We fully use Horde/UBA to compile our project and run CI/CD. However, we face multiple instabilities.

Some of them are:

fatal error C1356: unable to find mspdbcore.dll

// or

Unhandled Exception: System.IO.FileNotFoundException: The specified module could not be found. (Exception from HRESULT: 0x8007007E)
System.IO.FileNotFoundException: The specified module could not be found. (Exception from HRESULT: 0x8007007E)
ASSERT: Unhandled exception/crash. Suppress debugger startup and try to report issue instead. This message is here to hopefully see callstack
 CALLSTACK:
   uba::Detoured_CreateProcessW (UbaDetoursFunctionsKernelBase.inl:3052)
   KERNEL32.dll: +0x713f9
   KERNEL32.dll: +0x71e94
   KERNEL32.dll: +0x71996
   KERNELBASE.dll: +0x12c6f9
   ntdll.dll: +0xa58d8
   ntdll.dll: +0x8ce46
   ntdll.dll: +0xa296f
   ntdll.dll: +0x52554
   ntdll.dll: +0x522a7
   KERNELBASE.dll: +0x25369
   clr.dll: +0x1810a8
EXEC : error : Process 3492 VCTIP.EXE
fatal error C1356: unable to find mspdbcore.dll

Sometimes we also face agent stalls (the agent responds to pings but never finishes the job).

While users can retrigger compilation, these issues on build machines cause builds to fail. To mitigate this, we use some flags/build configurations such as -UBAForcedRetry or -UBAForcedRetryRemote.

We also consider using dedicated agents, but we still want to leverage our workstation compute power. To reduce errors, we’ve already updated agents, the Horde server, and reviewed agent configurations.
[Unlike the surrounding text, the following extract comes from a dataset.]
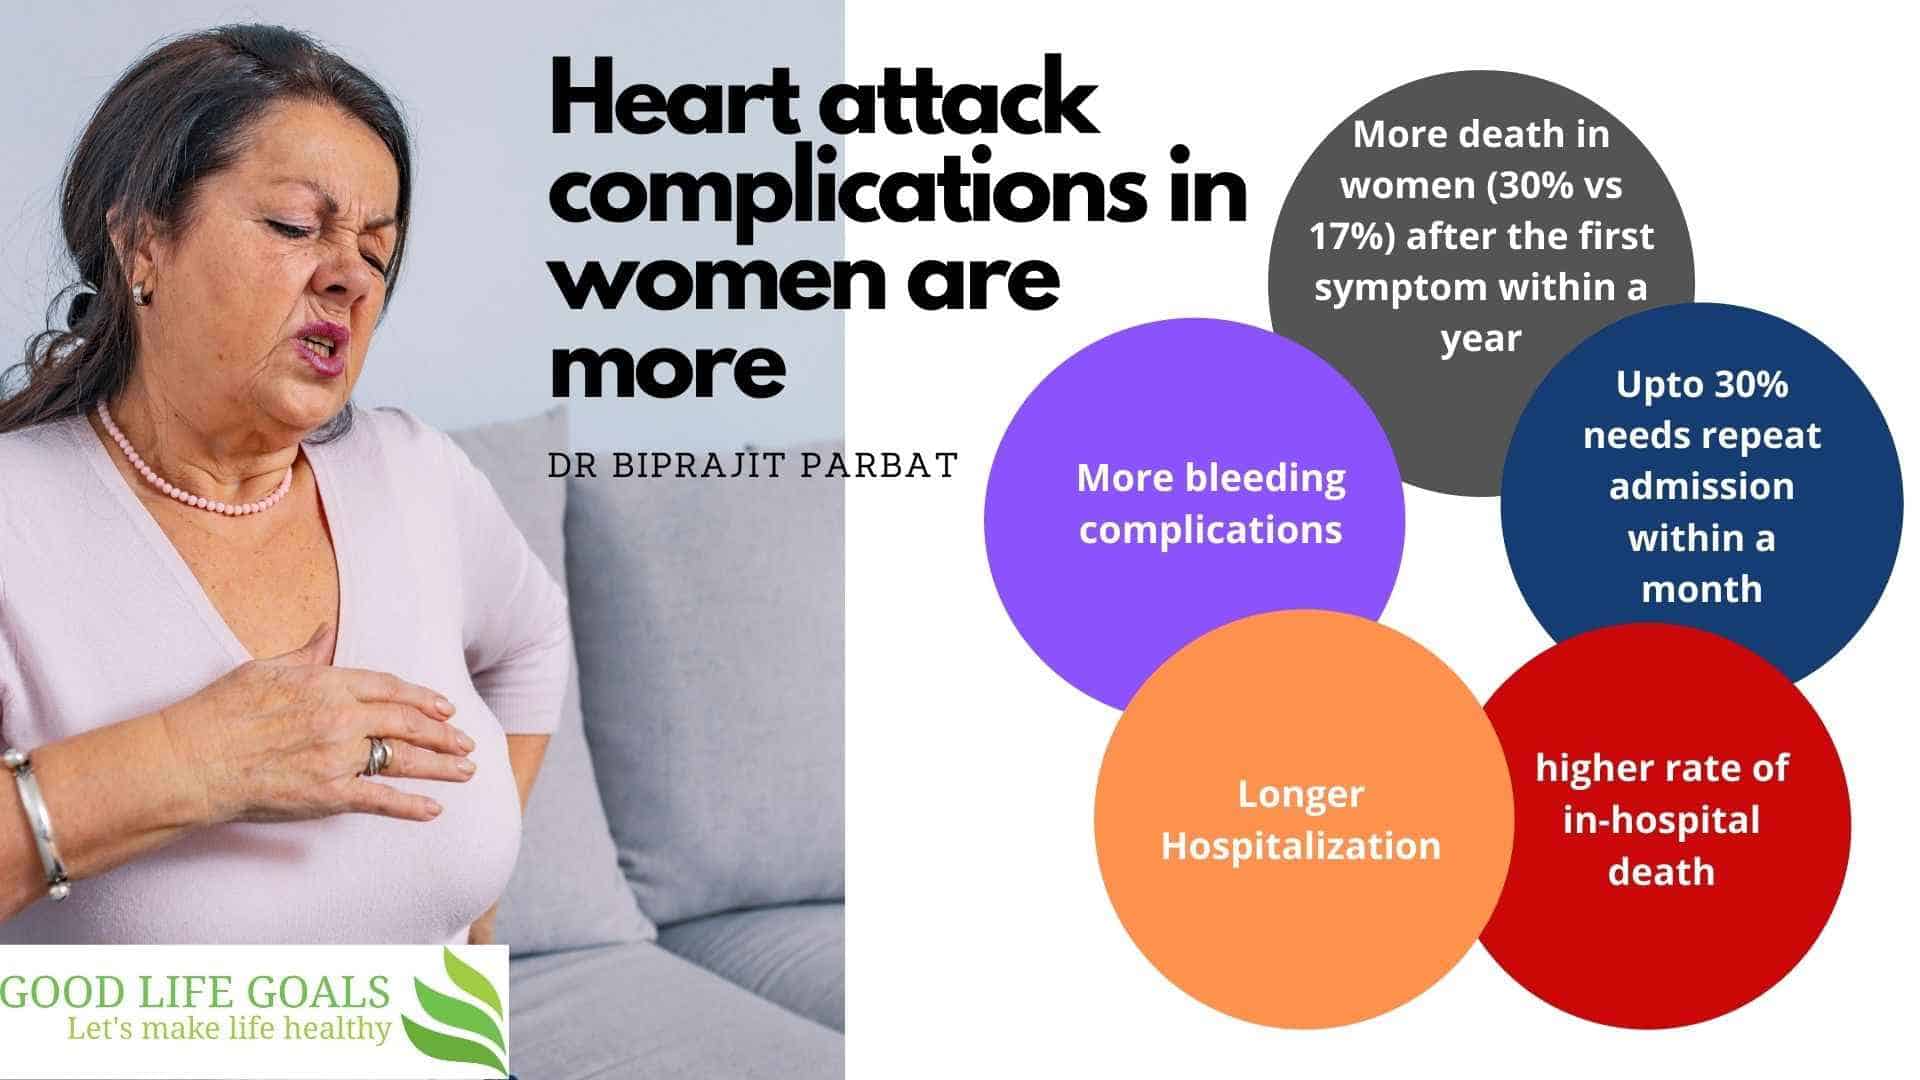 Heart Attack symptoms in Women are different

We’ve also increased the page file size. Workstation users use the idle system of Toolbox to ensure enough resources are available.

Questions:

  • Is there anything we’ve missed to improve stability?
  • We plan to update to latest release engine version. Should we target a specific CL?
  • Due to our needs, we use devenv as CI (and we have also noticed this appears to users): by using -UBAForcedRetryRemote, even if the failed task restarts, MSVC considers the compilation as failed. Is there a way to avoid this?

Thank you for your help :smiley:

[Attachment Removed]

Hi,

Can you test the latest UBA binaries (found under Engine/Binaries/Win64/UnrealBuildAccelerator)? UBA itself is always supposed to be backward compatible and I recognize this VCTIP error from a year back or so and some vague memory of fixing it. I think we have gotten to a point where we need to start separating releases of UBA and engine but haven’t done that yet.

If it still doesn’t help and you still run into problems, next step is to build uba from main in debug and run again and see if we can get more info out of the issues.

[Attachment Removed]

We did that, but we still face issues on some agents. It’s unclear how it works and what uses these DLLs.

However, we plan to upgrade that was mostly what the post was about: to know if there are major changes in non-“release” versions of the engine that you would recommend us to bring to our branch.

About the retry flags, do you have more info about them?

[Attachment Removed]

Check out this thread, maybe the last answer can help you: [Content removed]

[Attachment Removed]

I have finally found this issue! (A colleague got a frequent enough repro). Just submitted the fix for it so it will end up on github today.. (change is in UbaDetoursFunctionsKernelBase.inl).. have kicked binaries as well so they should be on github today too.

[Attachment Removed]

I’m glad to hear this, I will check that asap. We’ve moved our code base to 5.7.3 so it will be easier to get these changes. Thanks

[Attachment Removed]